* WHAT TO PRODUCE
Write out the lines below once more, exactly as they appear. Do not include pictures.

* SOURCE DATA
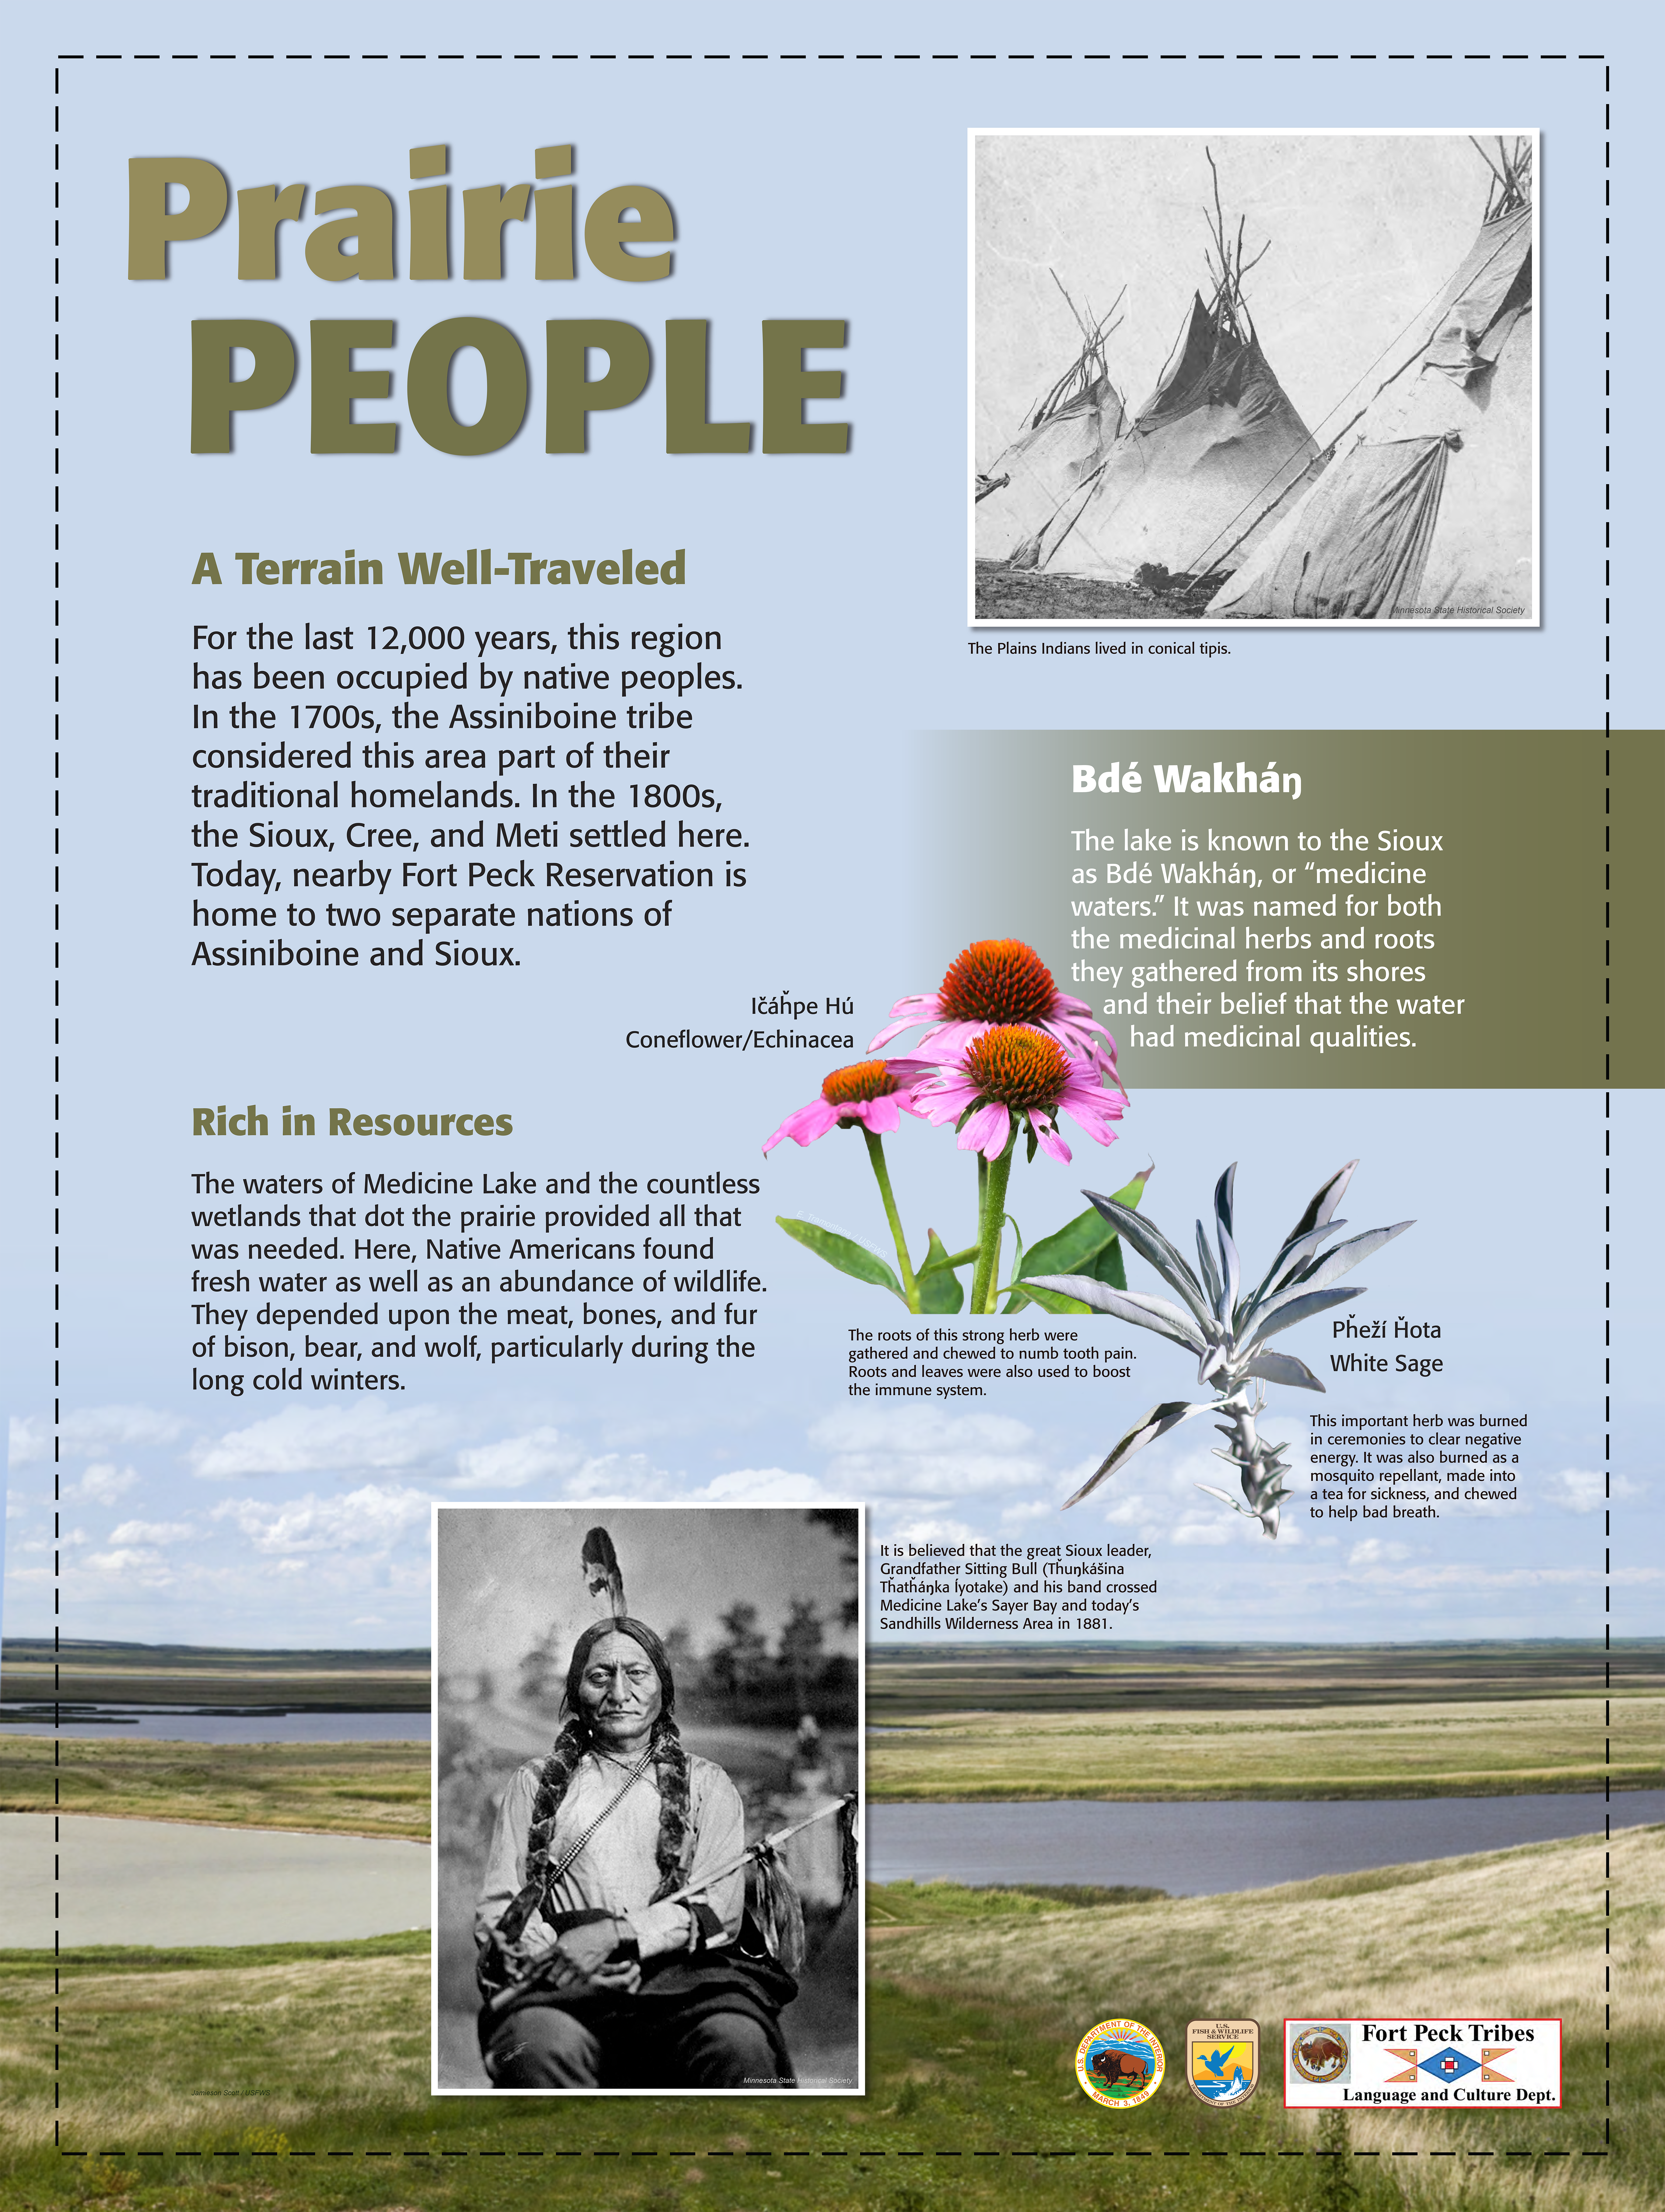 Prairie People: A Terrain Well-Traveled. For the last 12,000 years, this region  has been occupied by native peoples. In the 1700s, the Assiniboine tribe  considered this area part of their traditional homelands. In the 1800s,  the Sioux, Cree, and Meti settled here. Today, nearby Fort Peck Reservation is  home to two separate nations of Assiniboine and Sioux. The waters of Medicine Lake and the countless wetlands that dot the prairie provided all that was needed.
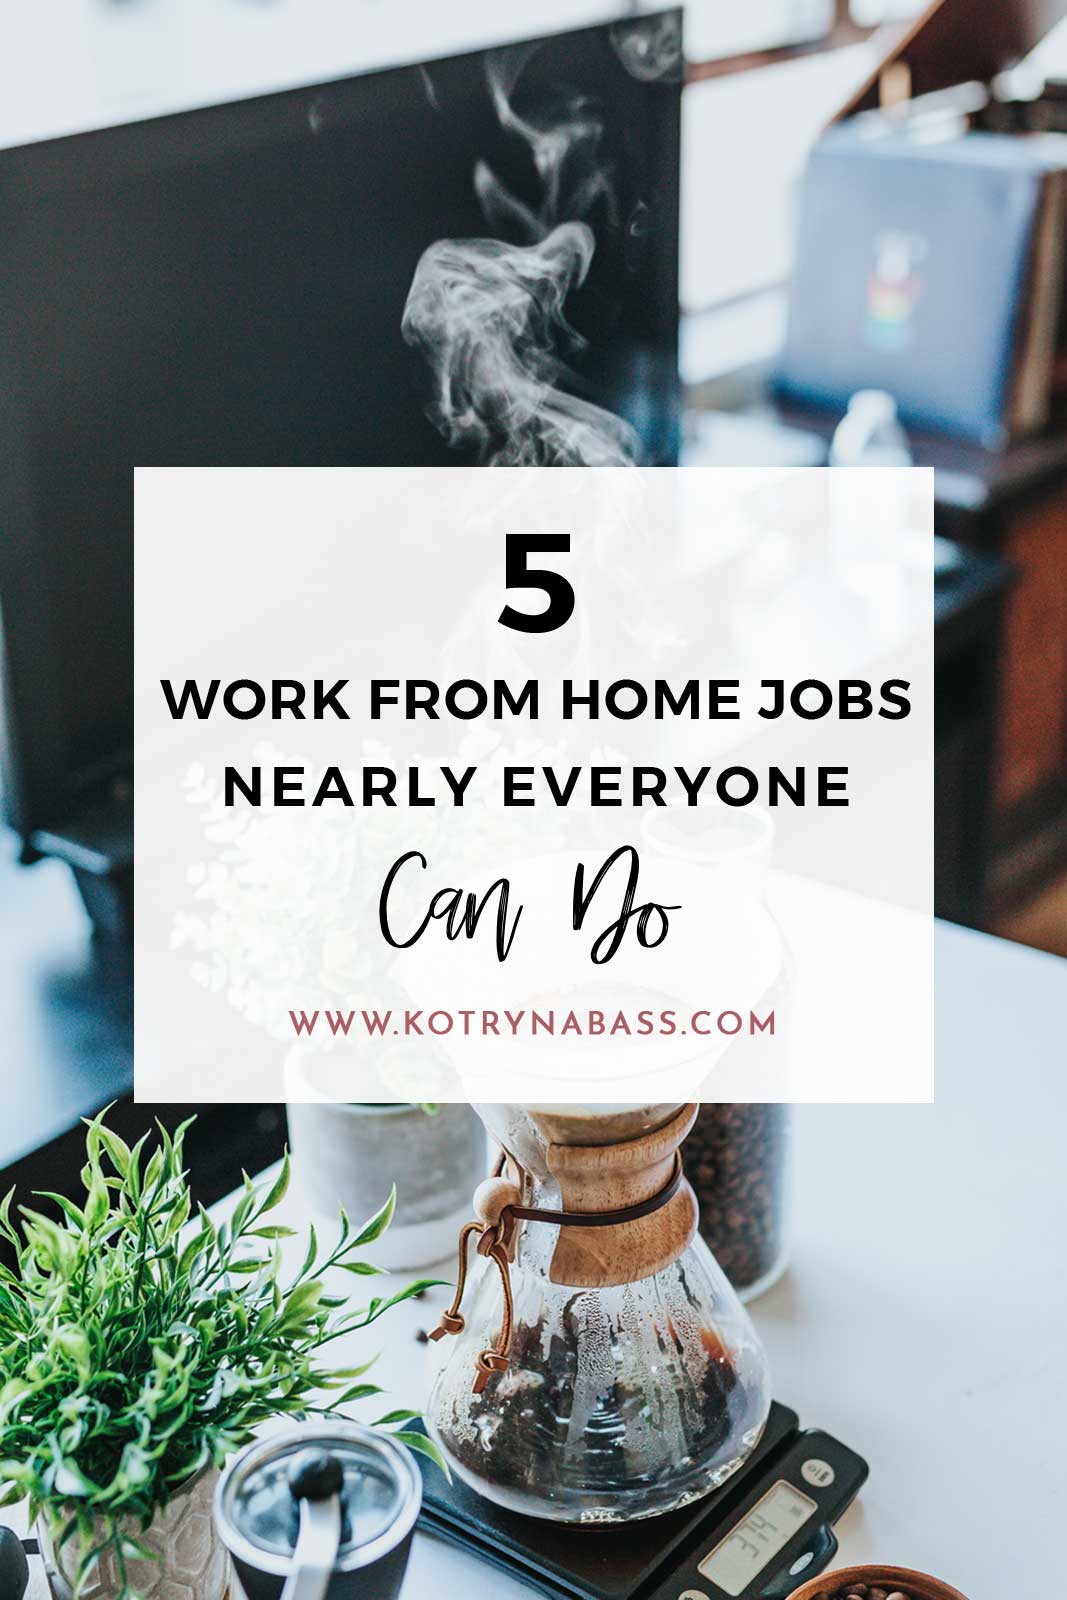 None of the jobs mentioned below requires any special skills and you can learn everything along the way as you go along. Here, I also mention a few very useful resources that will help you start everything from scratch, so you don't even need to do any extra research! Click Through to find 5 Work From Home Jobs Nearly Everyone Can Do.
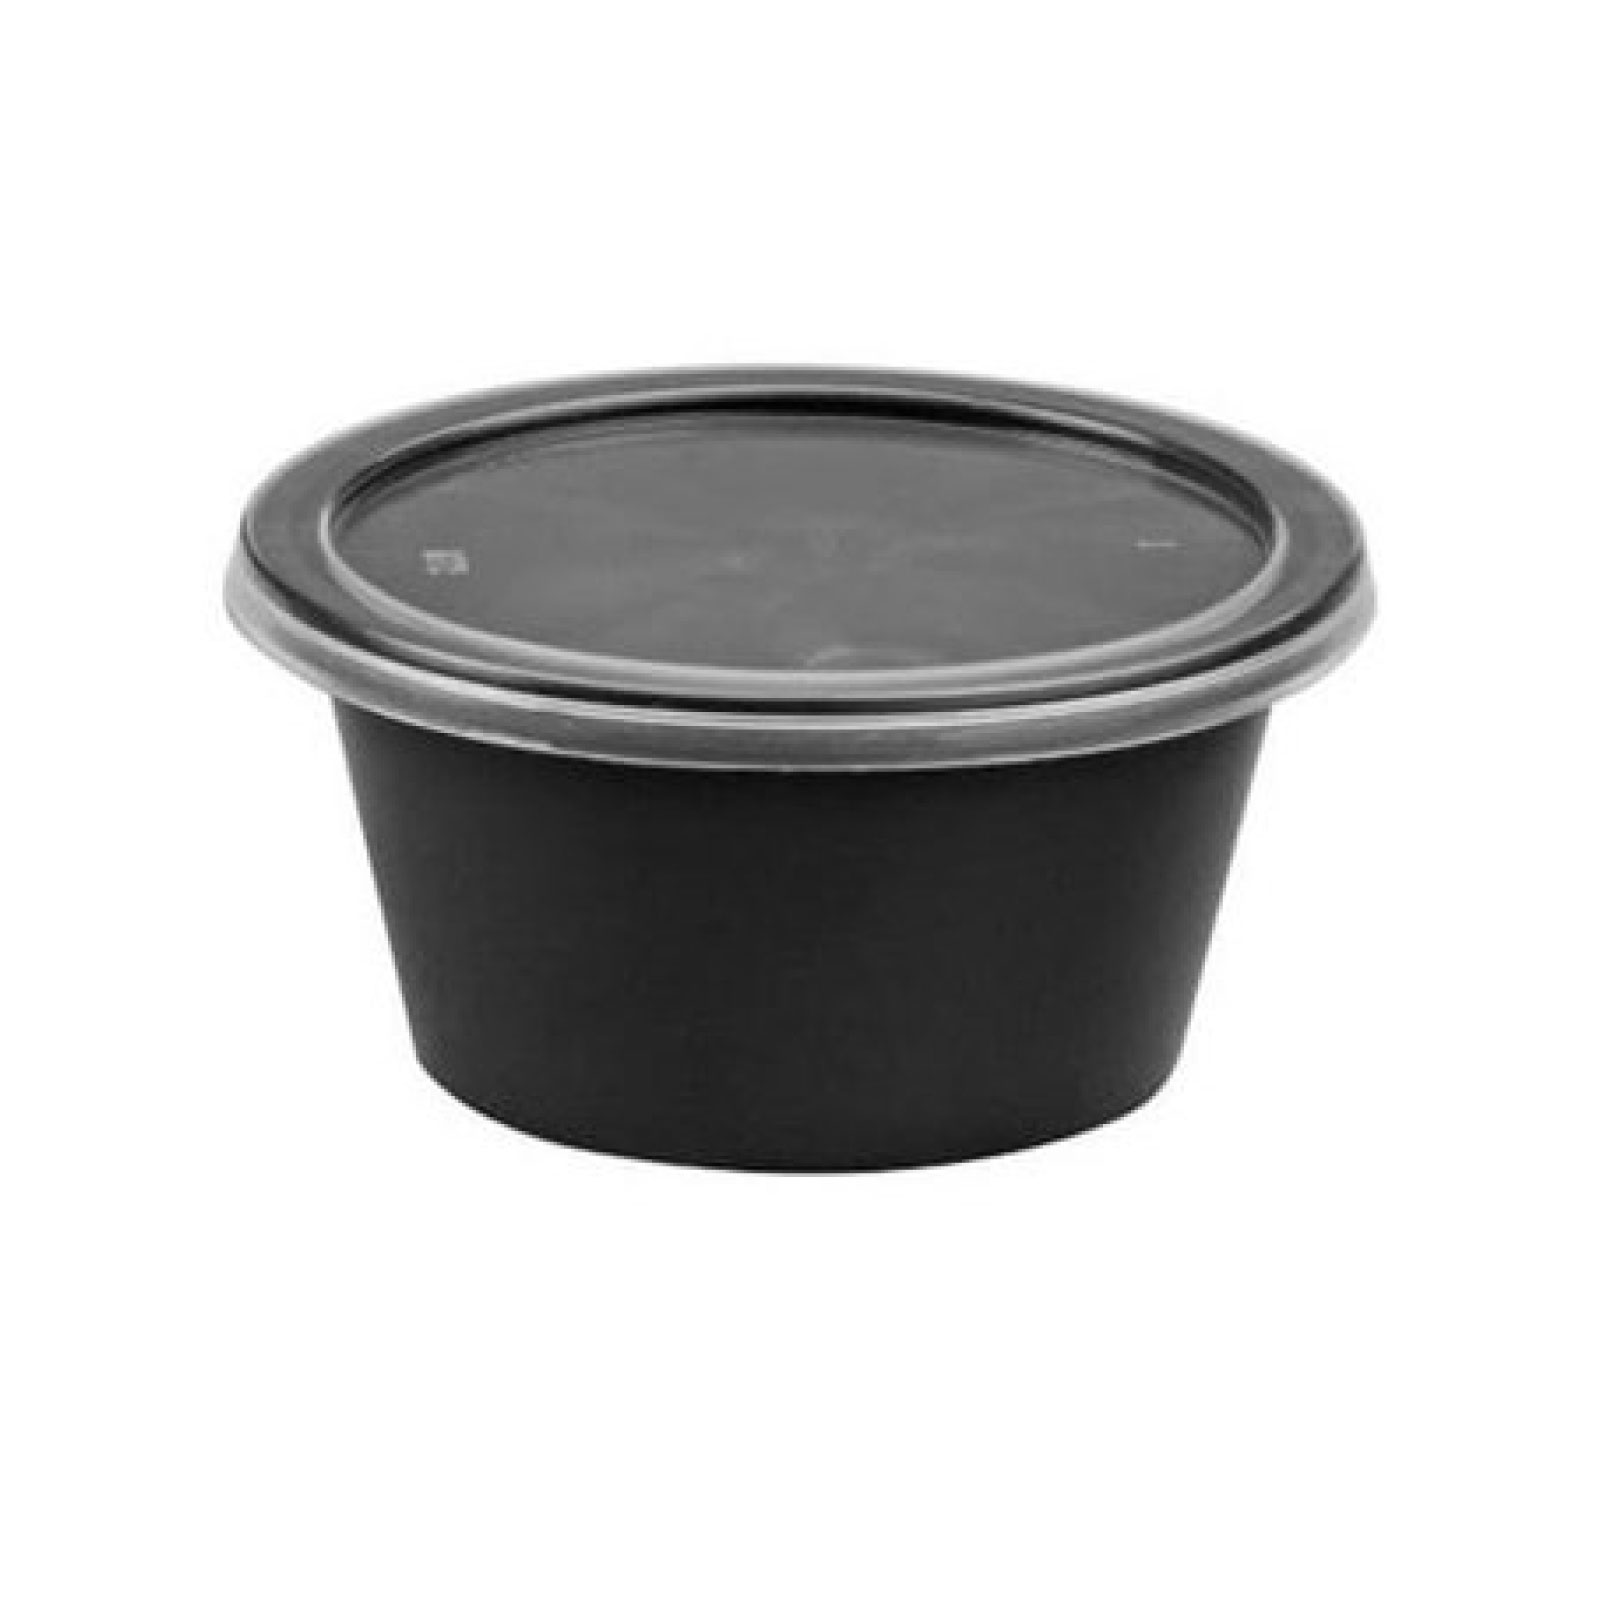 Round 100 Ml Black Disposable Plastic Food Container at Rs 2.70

* WRITTEN RESPONSE
 Prairie People: A Terrain Well-Traveled. For the last 12,000 years, this region  has been occupied by native peoples. In the 1700s, the Assiniboine tribe  considered this area part of their traditional homelands. In the 1800s,  the Sioux, Cree, and Meti settled here. Today, nearby Fort Peck Reservation is  home to two separate nations of Assiniboine and Sioux. The waters of Medicine Lake and the countless wetlands that dot the prairie provided all that was needed.
 None of the jobs mentioned below requires any special skills and you can learn everything along the way as you go along. Here, I also mention a few very useful resources that will help you start everything from scratch, so you don't even need to do any extra research! Click Through to find 5 Work From Home Jobs Nearly Everyone Can Do.
 Round 100 Ml Black Disposable Plastic Food Container at Rs 2.70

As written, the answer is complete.